##### WORKING DATA

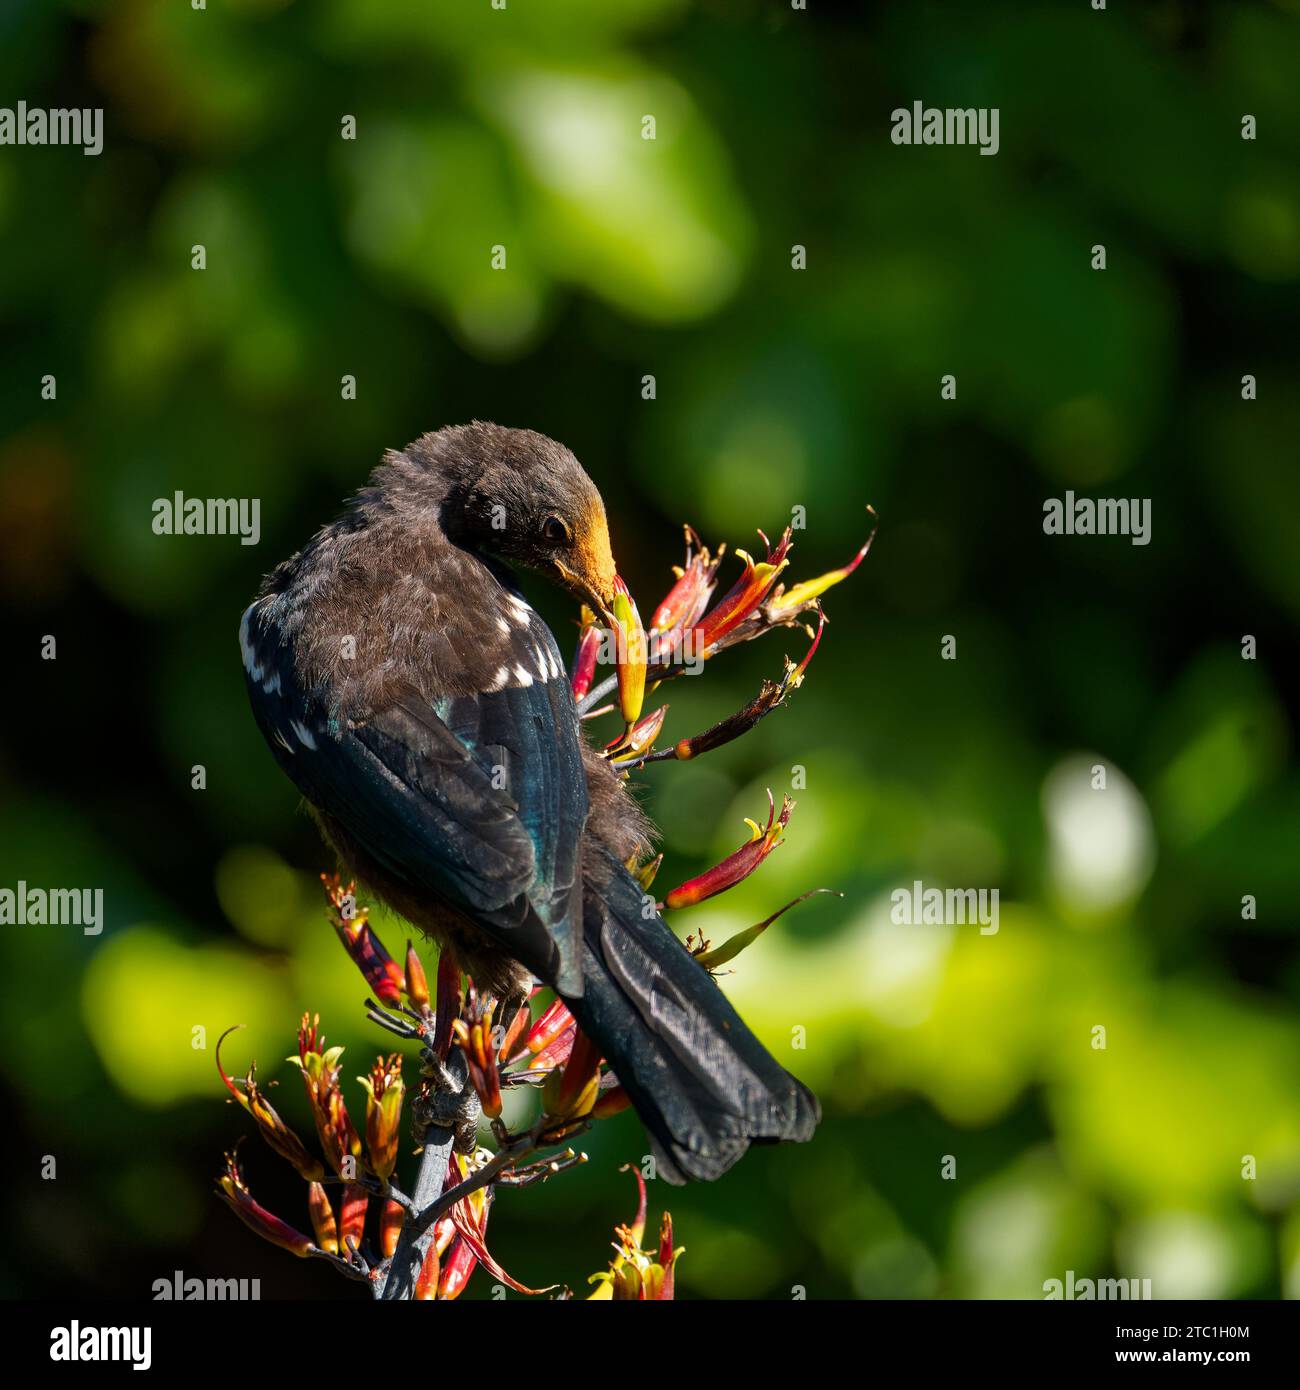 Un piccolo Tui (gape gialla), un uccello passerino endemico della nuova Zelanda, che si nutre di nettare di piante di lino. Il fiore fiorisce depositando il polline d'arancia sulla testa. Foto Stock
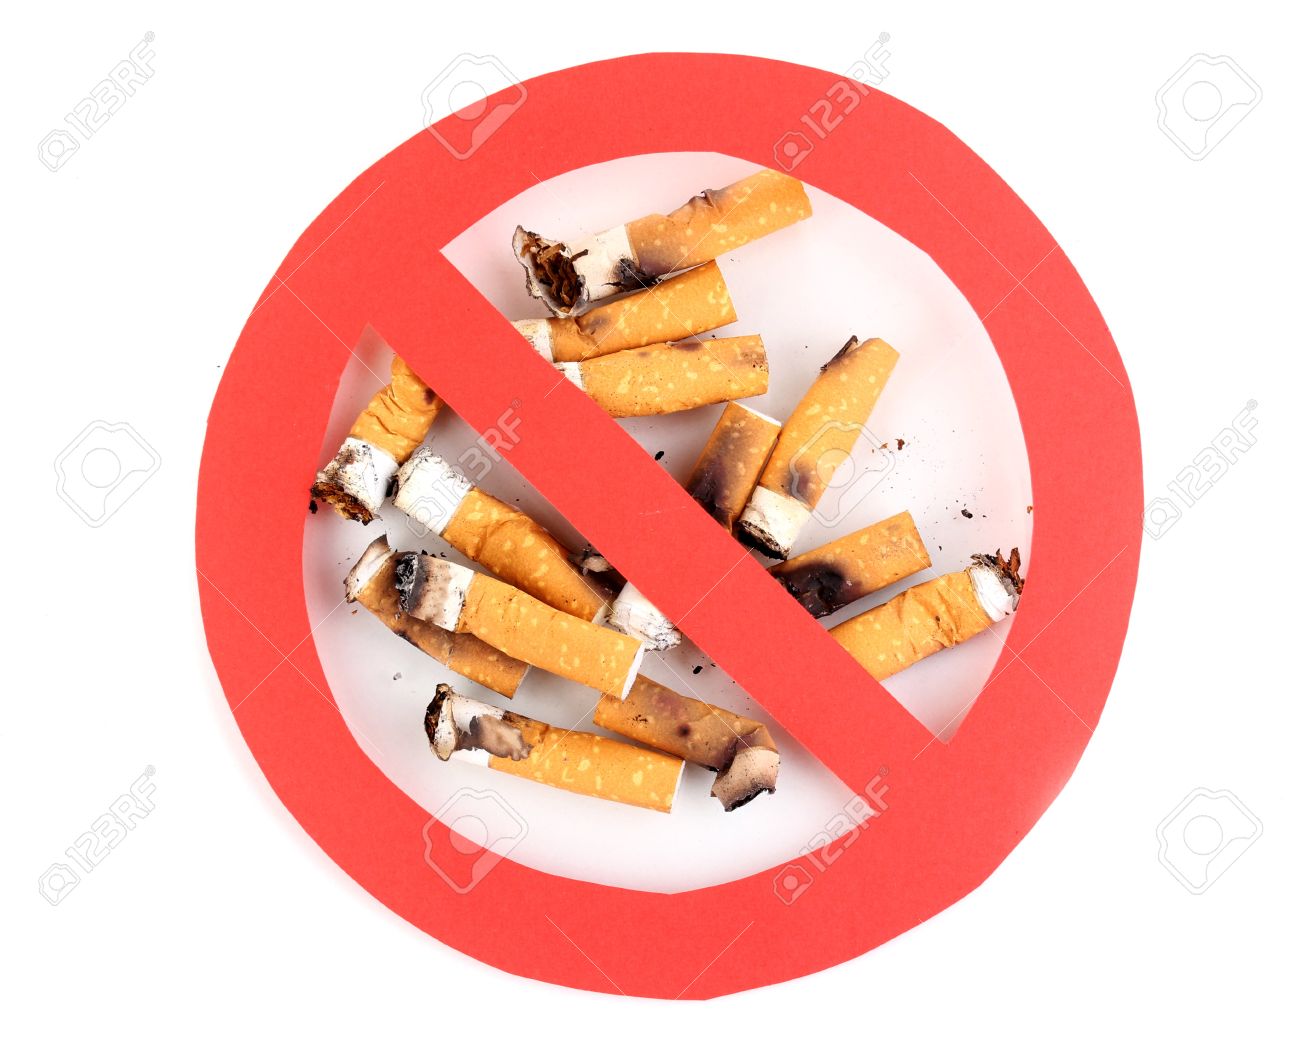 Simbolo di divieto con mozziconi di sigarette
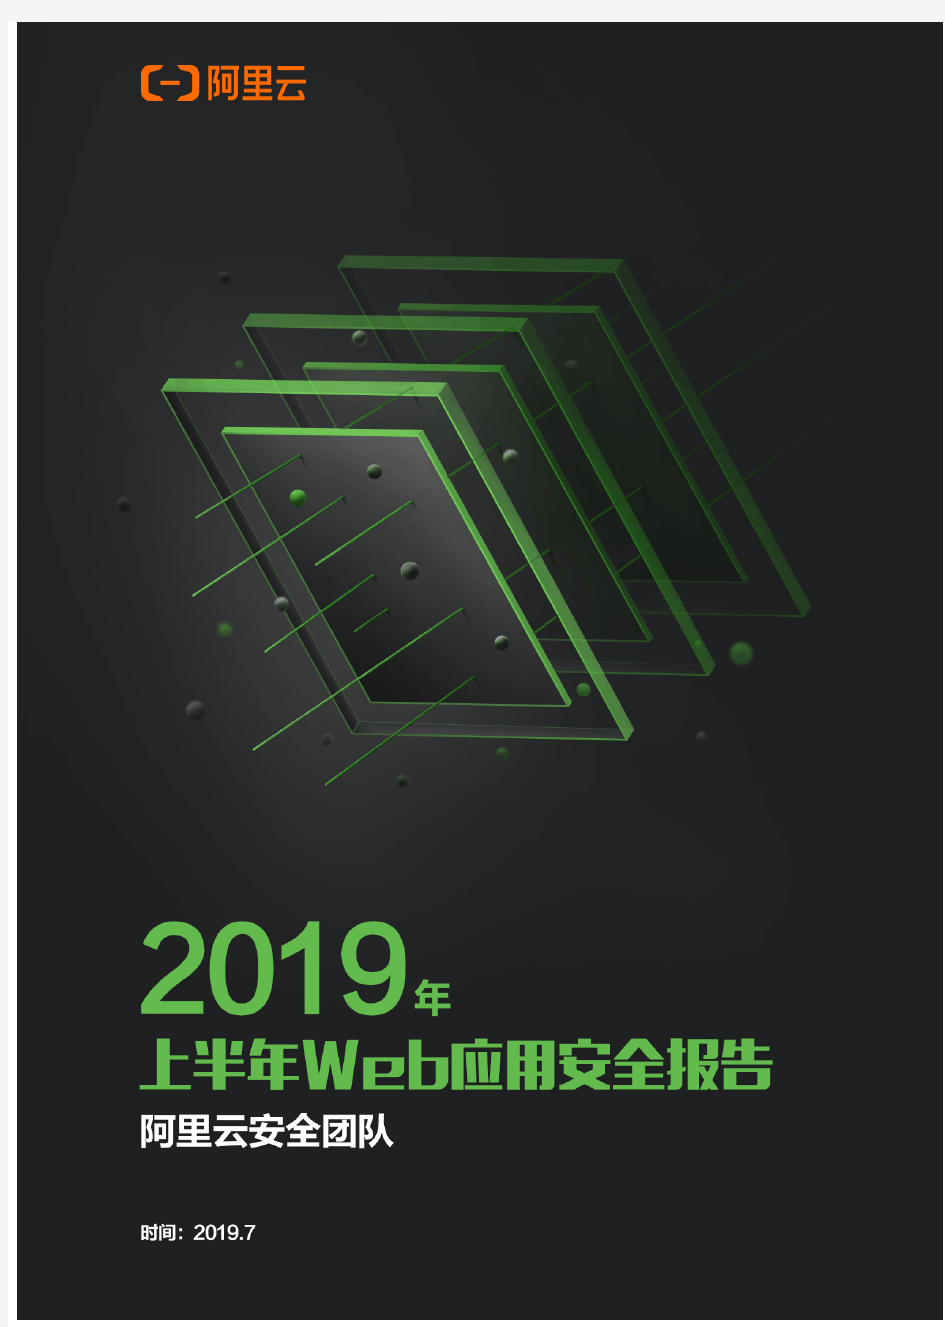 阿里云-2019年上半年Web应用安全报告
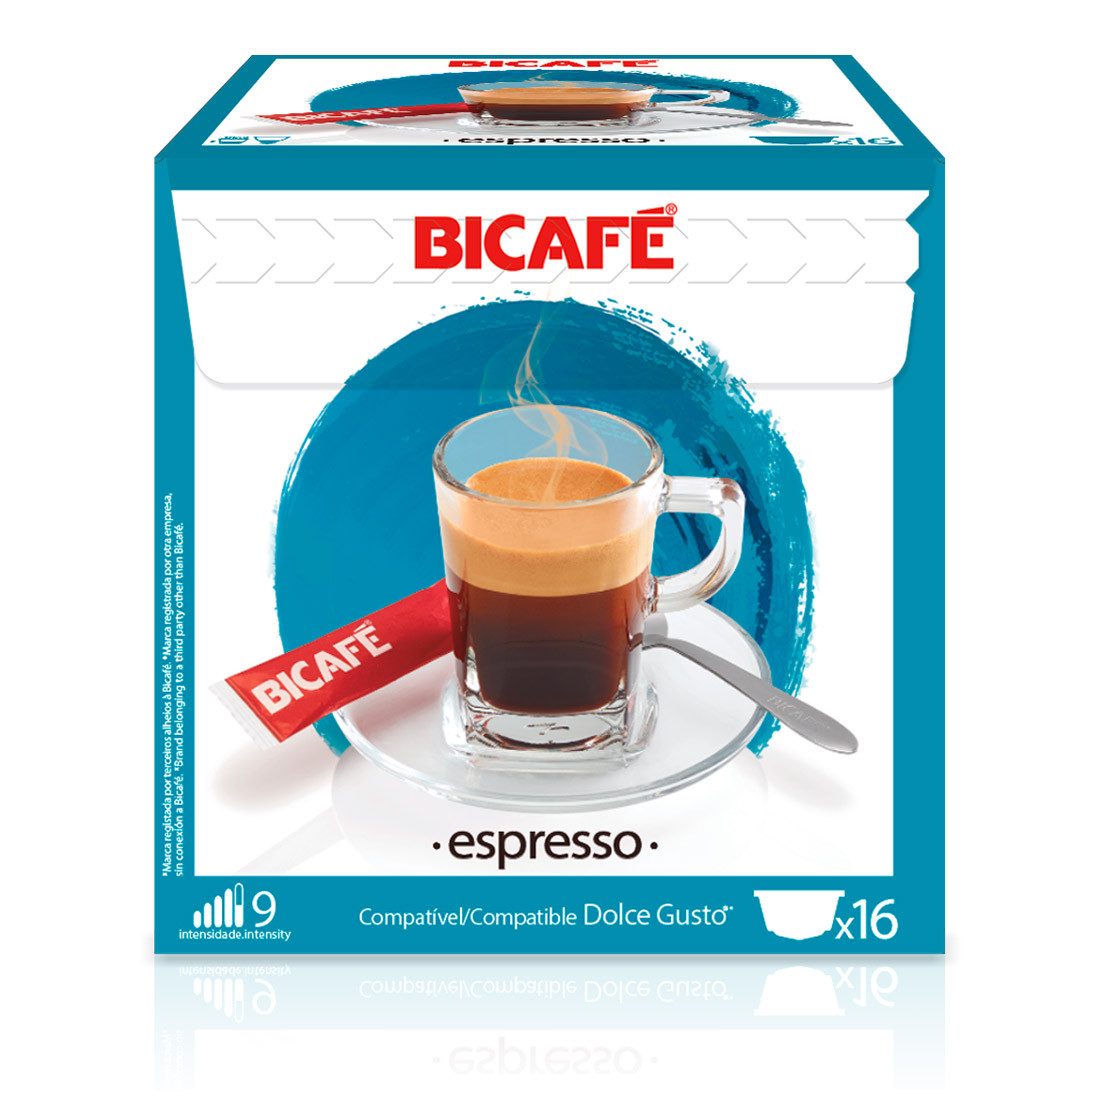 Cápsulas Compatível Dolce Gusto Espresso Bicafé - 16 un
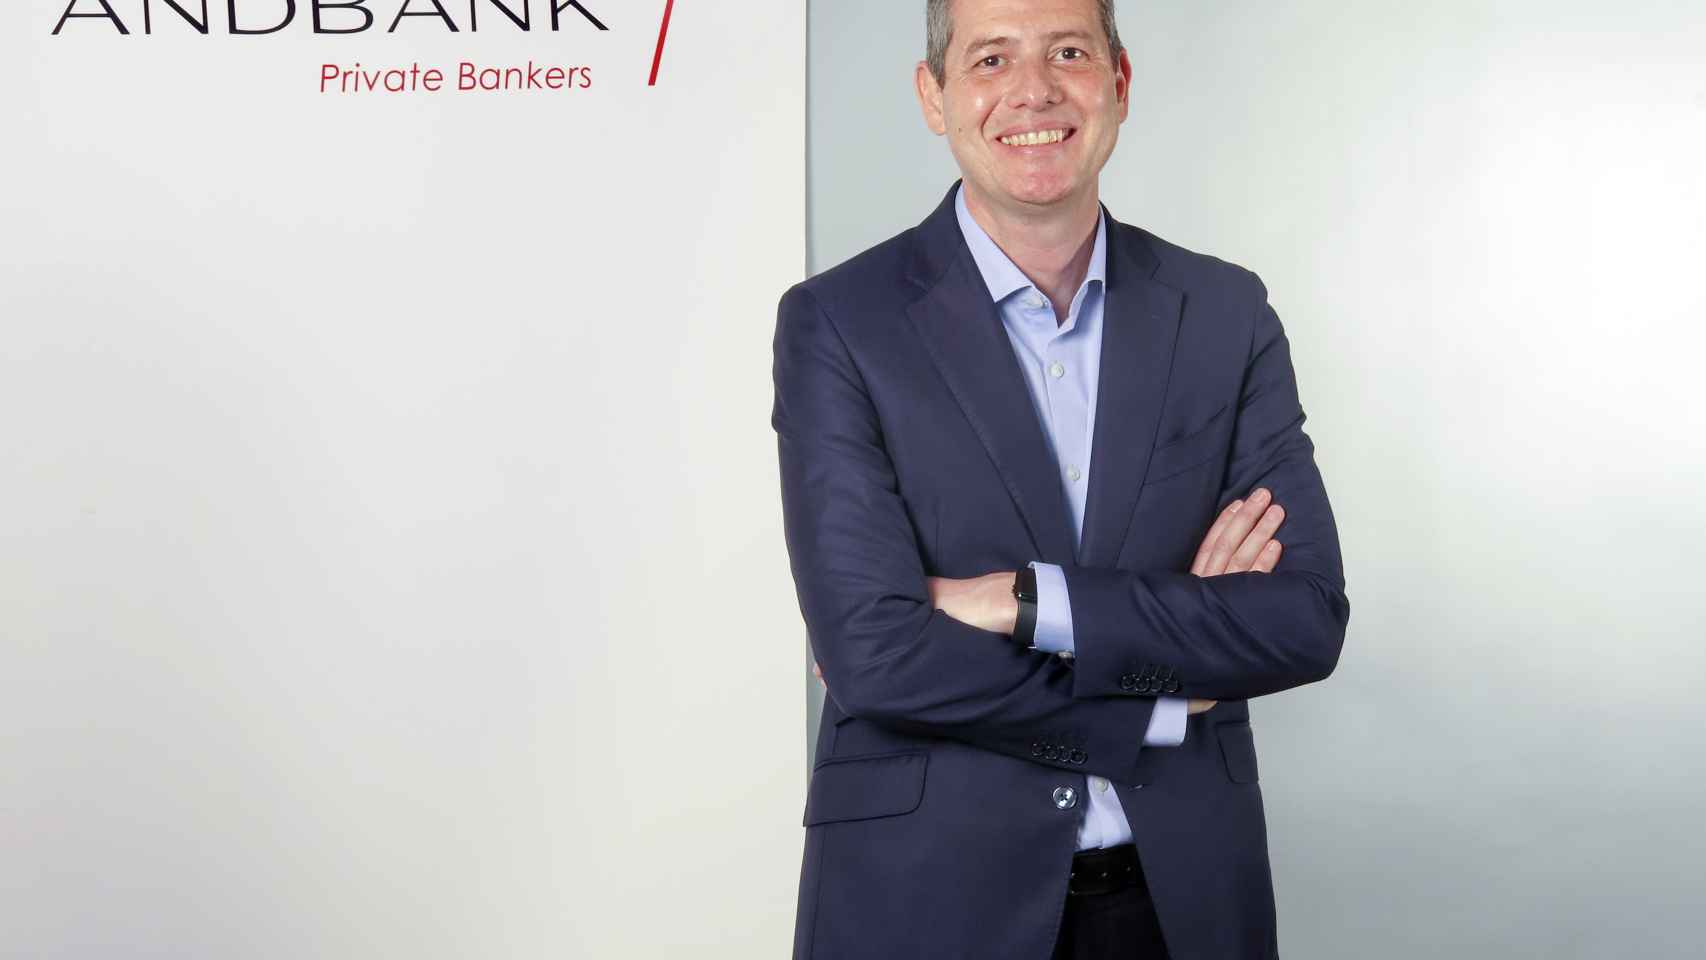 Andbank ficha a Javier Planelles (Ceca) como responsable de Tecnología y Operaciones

##########

* _INSTRUCTIONS FOR THE TASK_
Each entry shown above must be quoted exactly, with its pictures left out.

* _RESULT FOR THIS TASK_
 Un piccolo Tui (gape gialla), un uccello passerino endemico della nuova Zelanda, che si nutre di nettare di piante di lino. Il fiore fiorisce depositando il polline d'arancia sulla testa. Foto Stock
 Simbolo di divieto con mozziconi di sigarette
 阿里云-2019年上半年Web应用安全报告
 Cápsulas Compatível Dolce Gusto Espresso Bicafé - 16 un
 Andbank ficha a Javier Planelles (Ceca) como responsable de Tecnología y Operaciones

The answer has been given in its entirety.